この子はパパを知らないまま育ってしまうかもしれない。思い出したときは、このひどい有様を思い出してしまうかもしれない。主人公の息子を思う母の気持ちになり、気づいた時には頬から涙が流れていた。
「アニキって泣けたんだな」
「余計な事言うな、バカ野郎」
涙で声が震えている。ホラーの怖さで泣くのもありそうだが、息子が感じているであろう母親のぬくもりや母や息子の底知ぬ覚悟が見て取れてさらに泣きそうになった。気付くと彼の袖につかまっているだけに留まらず、ほぼ抱き着くようにみていた。
ふと横を見ると優斗と目が合った。
「ごめん。抱き着いてたんだね」
「今更かよ。30分ぐらい抱き着いてたよ」
優斗のイジワル。言ってくれたら離れたのに。でも、言ってくれないところが彼なりの優しさなのだろうと思う。きっと怖がっている私を見て胸ぐらい貸してやるという気持ちになったのだろう。
申し訳なさと「もういいや」とあきらめた感情とこのままいたいと思う気持ちがせめぎ合って変な感じだ。
映画に向き直ると、主人公の奥さんはどんどんと遠くへと走っているはずだった。しかし、一向に先は見えない。赤黒く垂れこめた空が広がっている。今外に出たらこの世界もこうなっているのではないかと思ってしまう。
ついに最終局面かもしれない。あるゾンビが主人公の奥さんと子供に近づいて来る。そこには見慣れたネックレスをしたゾンビの姿があった。
「あなた、来てくれたのね」
主人公の奥さんであるメアリーが言葉をかける。しかし、そのゾンビは意に介した様子もない。もう記憶を失ってしまっているのだとメアリーは悟った。
覚悟を決めたようにメアリーは小銃の照準を夫の額に向ける。たくさんの思い出がメアリーの中を駆け巡り、照準が定まらない。一緒に食べたご飯。結婚しようとプロポーズされたあのフレンチの店、幼いころ一緒に駆け回ったあの原っぱ。全てがよみがえってくる。
しかし、覚悟を決めなければならない。私たちが生きていくのは「過去」ではない。「未来」なのだ。息子の為を思い、走りながら一瞬で照準を合わせる。
「さようなら、あなた。最高に楽しい思い出をありがとう。また、あの晴れ渡る大空の下で会いましょう」
一発の銃弾が主人公の頭を貫く。その散り際の表情は少しだけ微笑んだように見えた。映画の中で時は流れ、20年後の世界で主人公の息子は父親が死んだのと同じ年になっていた。

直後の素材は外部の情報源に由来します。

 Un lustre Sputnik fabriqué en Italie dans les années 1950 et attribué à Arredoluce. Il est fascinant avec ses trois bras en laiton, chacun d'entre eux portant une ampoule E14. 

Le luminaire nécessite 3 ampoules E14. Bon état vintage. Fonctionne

「ほら行くぞ、バカ親父。お前の嫁さん今日も笑ってるよ」
そういって、息子は父親がつけていたのとまったく同じ腕時計を付けて晴れた大空の下を駆け抜けていく。
その画面を見てまた私はもらい泣きする。
「大きくなったなぁ。父ちゃん嬉しいぞ」
「えっ?アニキ父親側で見てたの?」
声漏れてたの?私は、「声出てたなら言ってよ。優斗、そういうとこだぞ」と言いたくなった。確かに母親が主人公だった気がする。でも、最後の思い出にと腕時計を差し出したり、奥さんに打たれるときに微笑んだり、本当に優しかった主人公のことを優斗と重ねてしまって、心が痛かった。

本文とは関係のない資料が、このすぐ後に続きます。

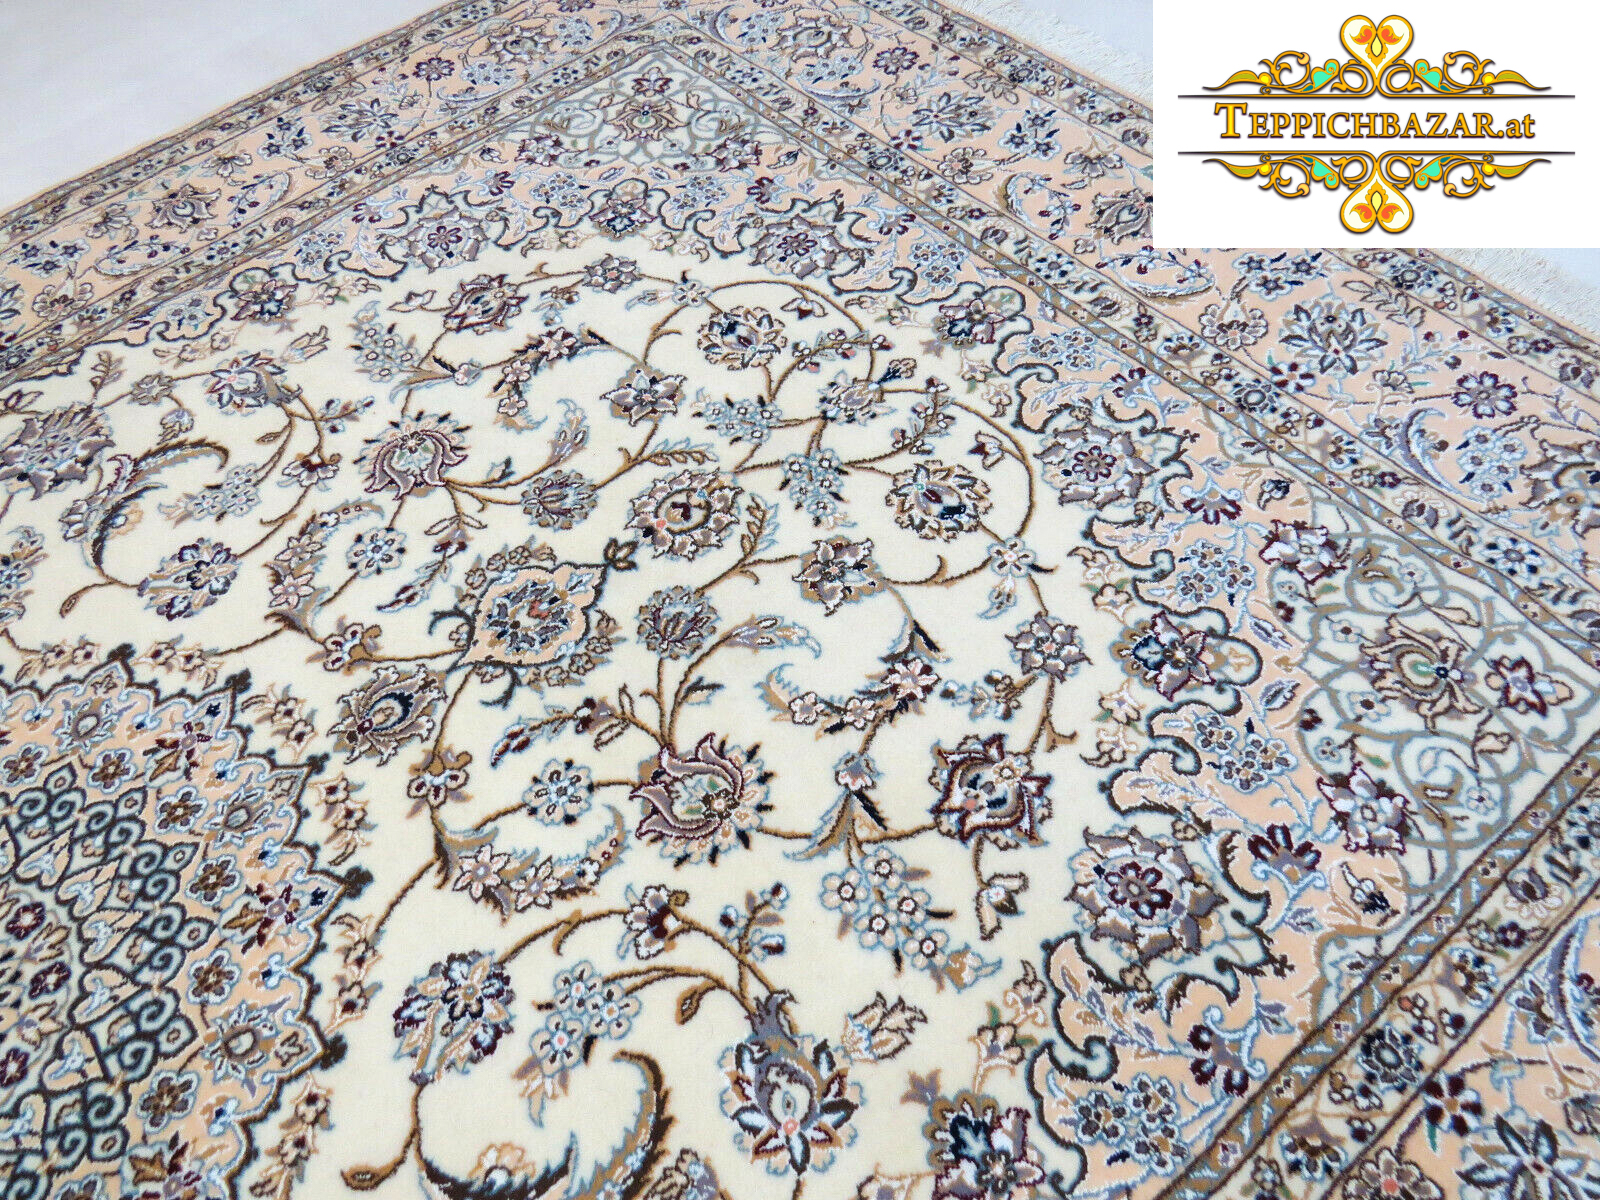 カーペット バザール - ペルシャ絨毯をオンラインで購入

「なんか、重なっちゃって。もし優斗がゾンビになっても同じようにしてくれそうだなって」
なんか恥ずかしいこと言ったかもしれない。なんか指がじわーんってする。打った時の手の感覚が少し残っている気がする。
「どうだろうな。わからんけど」
「そっか」
なんか言葉が溢れすぎて逆に何も言えなかった。トイレに行きたくなって立ち上がろうとした。でも、足に力が入らない。なんでだろう。しがみついてたはずなのに手も力が入らない。
「トイレ行きたいんだけど、立てない」
「ほら、つかまりな」
優しく手を出してくれる優斗。
「掴まれない。どこにも力が入らない」
私の言葉に少しあきれたような表情をしながら「仕方ねぇな。ほれ、おんぶ」と私を背負ってトイレまで連れて行ってくれた。漏らさなくてよかった。それだけを感じていた。
これ座れるけど、立てるかな?立てなくなったら、その時はなんとかしよう。数分後立ち上がれた。歩き方がぎこちなくなったけど。

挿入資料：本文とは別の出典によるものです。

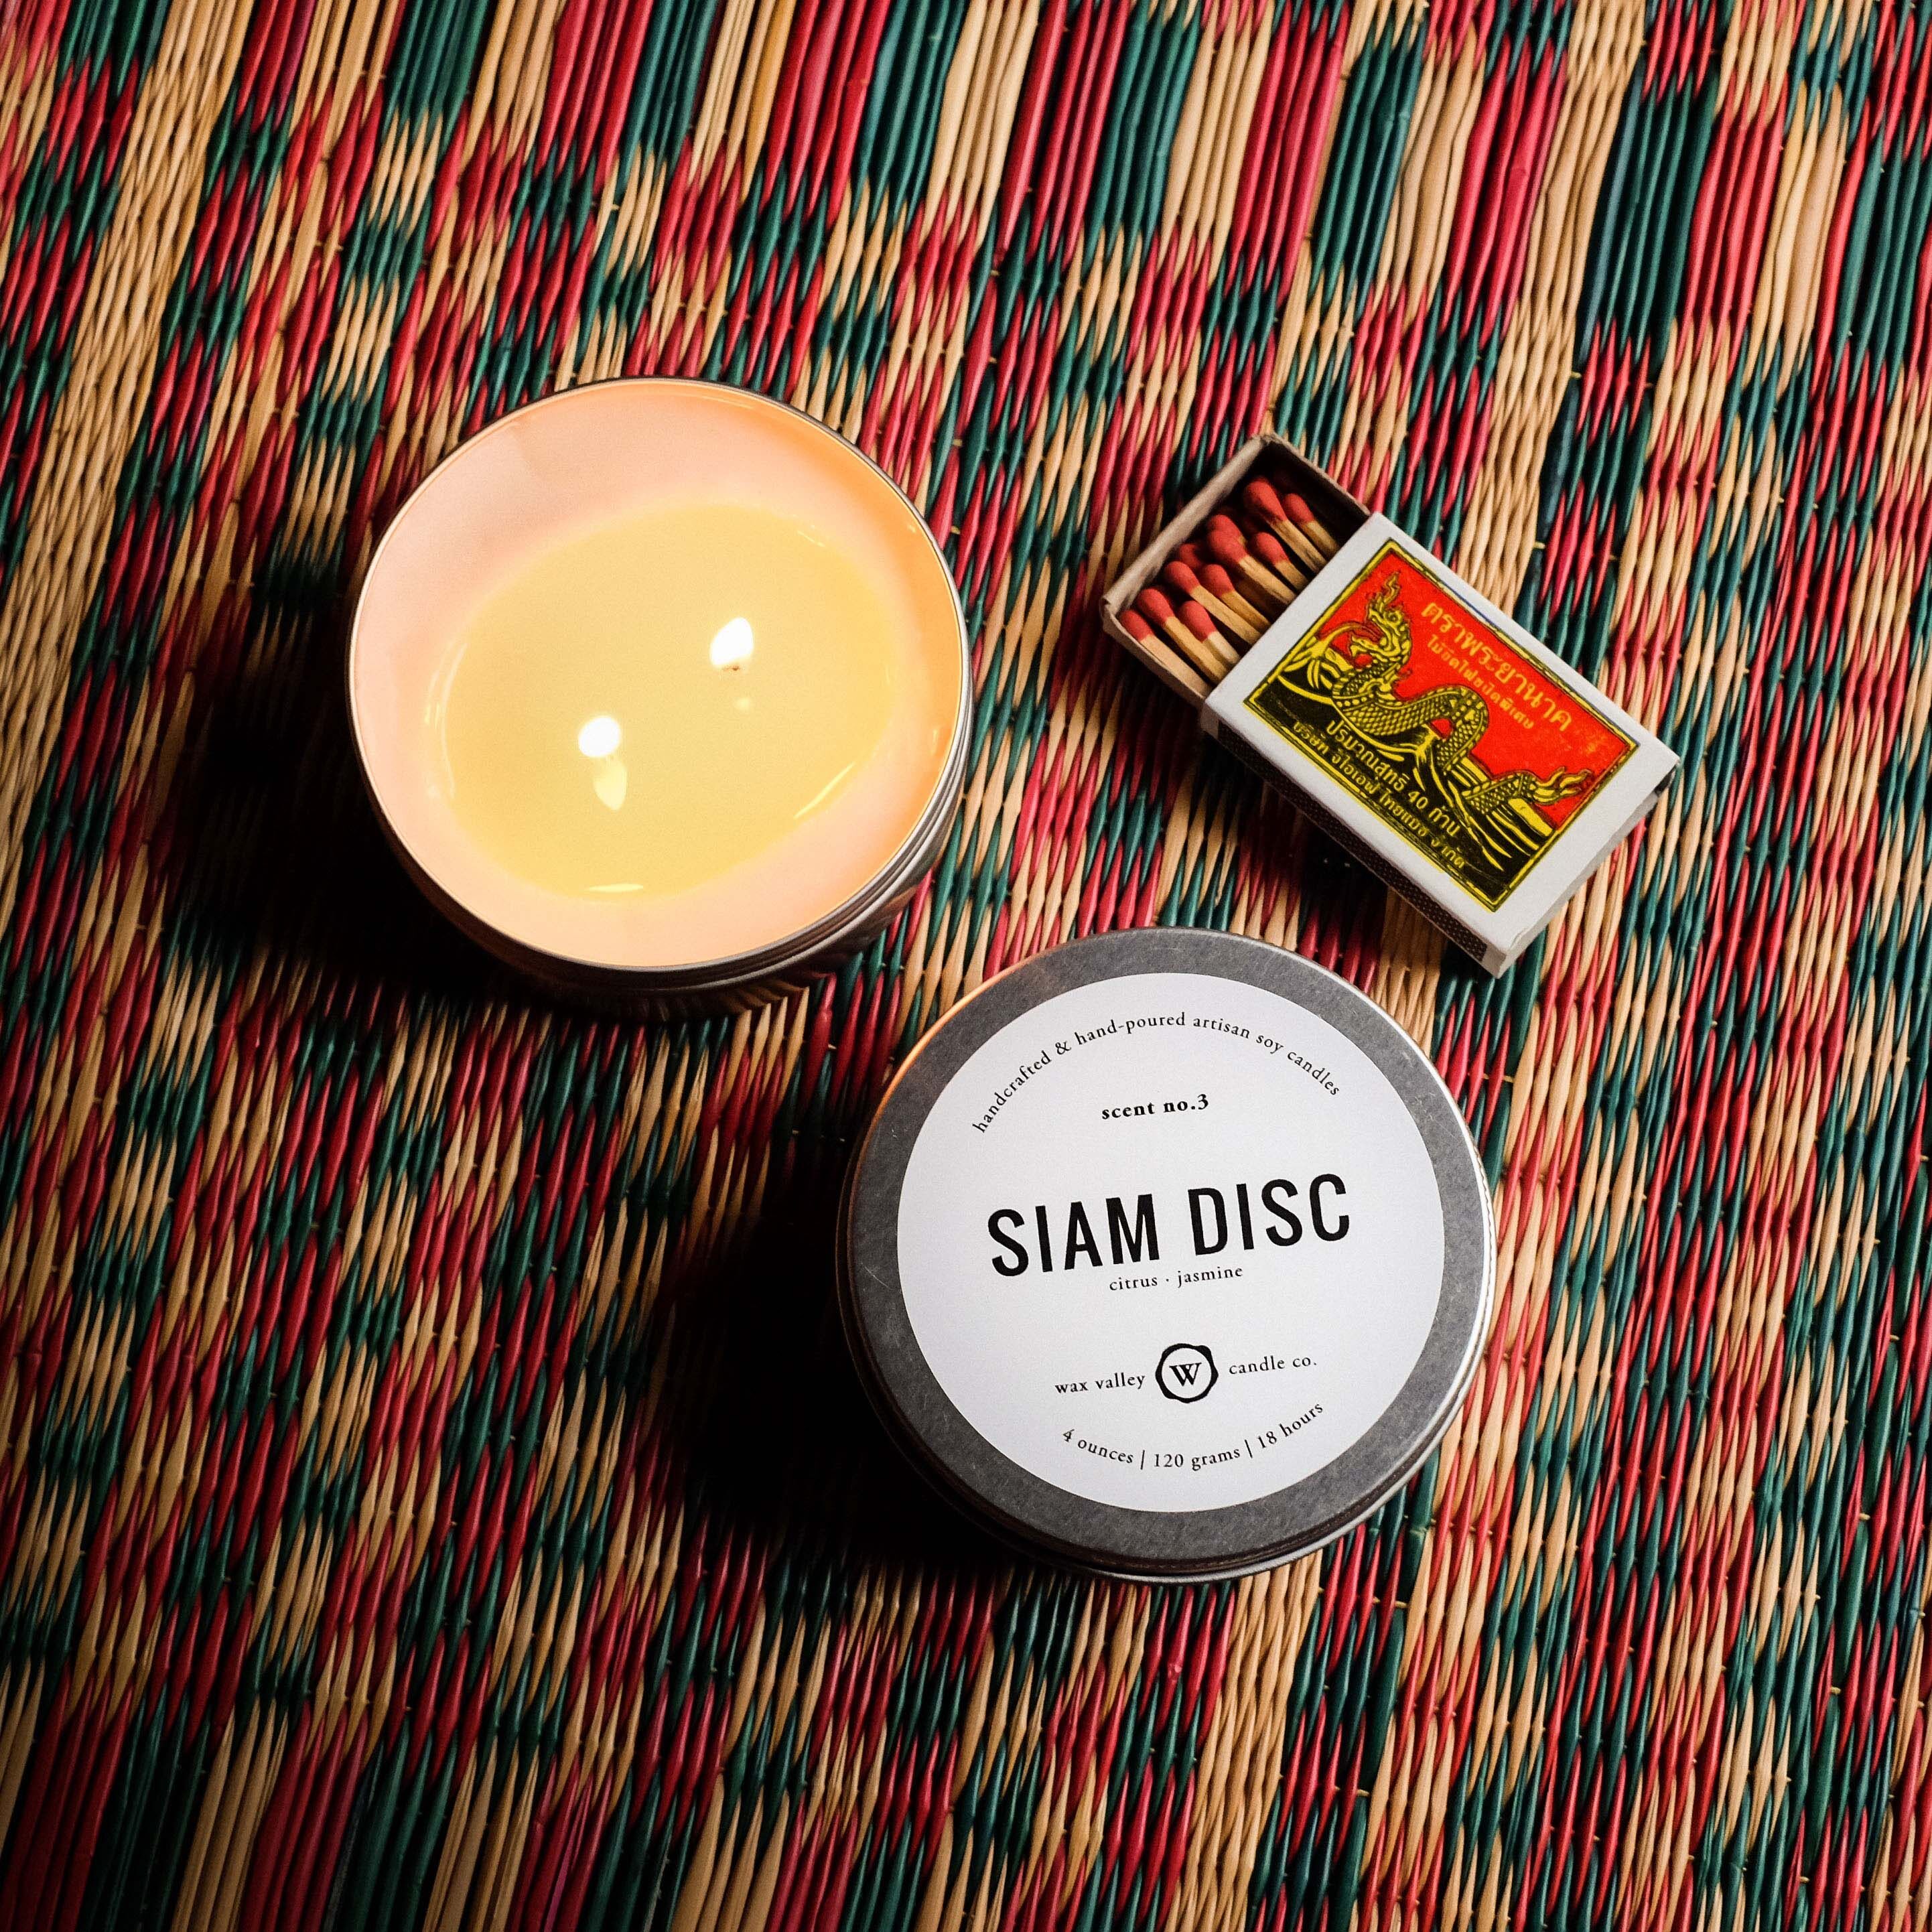 เทียนหอม เทียนไขถั่วเหลือง กลิ่น Siam Disc - Jasmine & Citrus

「ふわああぁ。眠たいけど怖くて寝れない。手、繋いでてよ」
我ながらめちゃくちゃ厚かましいこと言っている気がする。でも、仕方ないじゃん。眠れないんだもの。
「しょうがねぇな、ほれ」
優斗の手を私の手が握りしめている。骨ばった大きな手に包まれる安心感ってすごい。そうして、彼の手を握り、もたれかかったところから記憶がブラックアウトした。